Exceptions to the Westminster Standards

WCF 1.8: I do not believe that the Old Testament is written only in Hebrew, as there are sections of the Prophets that are written in Aramaic.

WCF 21.8, WLC 117, WSC 60: I do not believe that Scripture requires on the Sabbath a rest from "words and thoughts about their worldly employments and recreations." Rather, I believe that the Sabbath is a time to consecrate our worldly activities to God and to seek more godly ways of performing them. In that way, we should be thinking and speaking about our worldly employments and recreations. WLC 119 speaks about needless thoughts about these, and that is a better formulation in my view.

I also believe that Scripture prescribes rest as an important aspect of Sabbath observance, and that such rest can include recreations. These must not replace worship or displace it from its central role.

WLC 3: The Catechism appears here to define "Word of God" as Scripture. Scripture itself teaches, however, that there are other words of God: God's utterances in creation and providence, the words of prophets, apostles, and Jesus not written in Scripture, and Jesus himself as the living Word of God.
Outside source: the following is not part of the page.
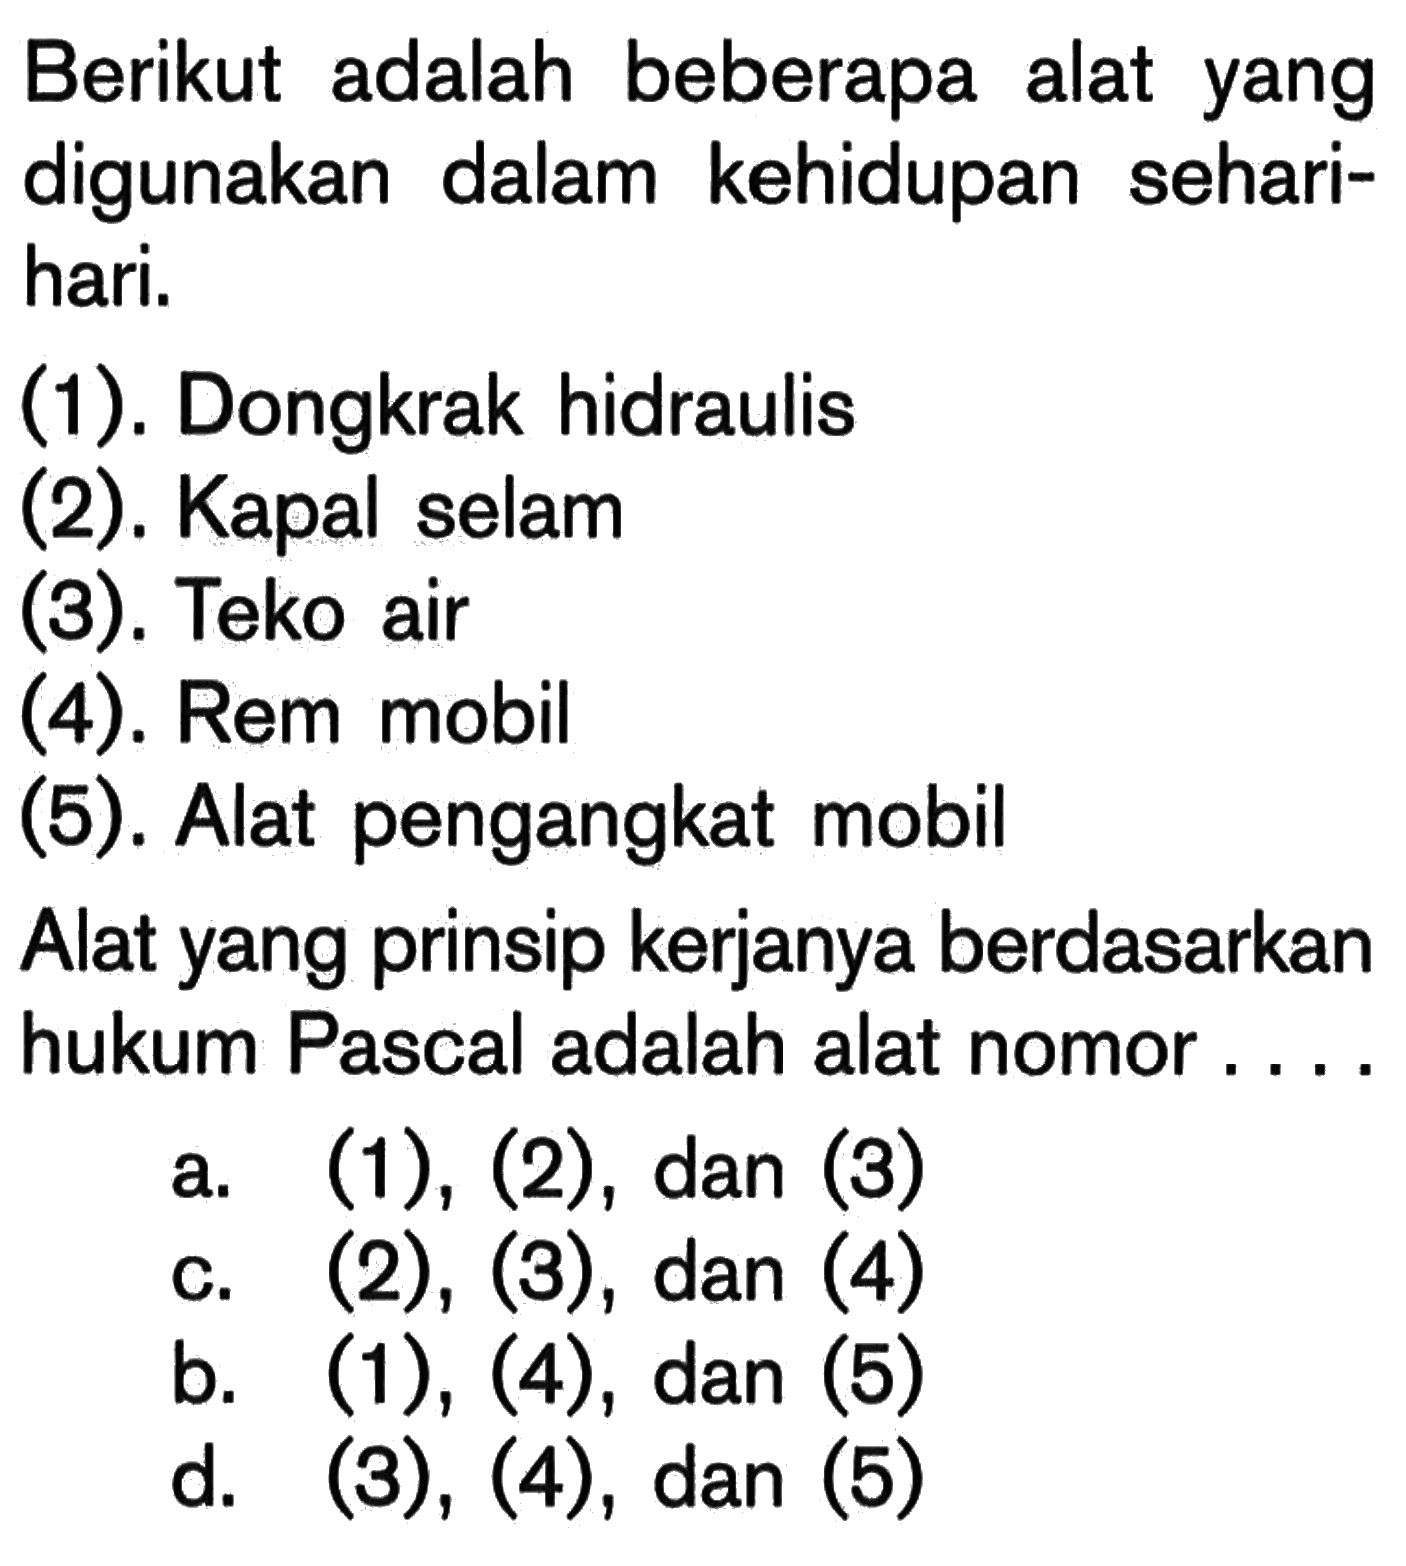 Berikut adalah beberapa alat yang digunakan dalam kehidupan sehari-hari.(1). Dongkrak hidraulis(2). Kapal selam(3). Teko air(4). Rem mobil(5). Alat pengangkat mobilAlat yang prinsip kerjanya berdasarkan hukum Pascal adalah alat nomor....a. (1), (2), dan (3)c. (2),(3), dan (4)b. (1),(4), dan (5)d. (3),(4), dan (5)

Scripture is the Word of God, sufficient for our faith and life, but it is not all of the Word of God.

WLC 47: I do not believe that, in Scripture, "Son of Man" primarily describes Jesus' state of humiliation.

WLC 109. Forbidding "the making any representation of God, of all or of any of the three persons, either inwardly in our mind, or outwardly in any kind of image or likeness of any creature whatsoever." Taken literally, this language would forbid even a symbol of God. I do not believe that the Second Commandment forbids this kind of symbolization. And if the Catechism intends to forbid pictures of Jesus, even mental ones, I think it is reading too much into the Second Commandment. Scripture itself gives us a narrative of the incarnate Christ that makes it psychologically impossible to avoid forming mental pictures of Jesus, in touching his humanity. I believe the Second Commandment forbids making images of the two other persons of the Trinity, as they are entirely spiritual and invisible in substance.

WLC 158: While this kind of fencing is not devoid of wisdom, if this formula means that no one may ever preach the Word except ordained officers of the church, then in my judgment it goes too far. If such a principle is taken literally, then no one could ever preach as part of his training or preparation for ministry. Or, alternatively, we would be forced to draw sharper lines between "preaching," "teaching," "exhortation," "sharing," and so forth, than Scripture warrants. I would prefer to say that no one may preach in public worship without the approval and oversight of the elders of the church.

WLC 169: Although I believe that the Catechism gives wise counsel here, and pledge to follow that counsel, I do not think it can be shown from Scripture that only "ministers of the Word" may administer the Lord's Supper.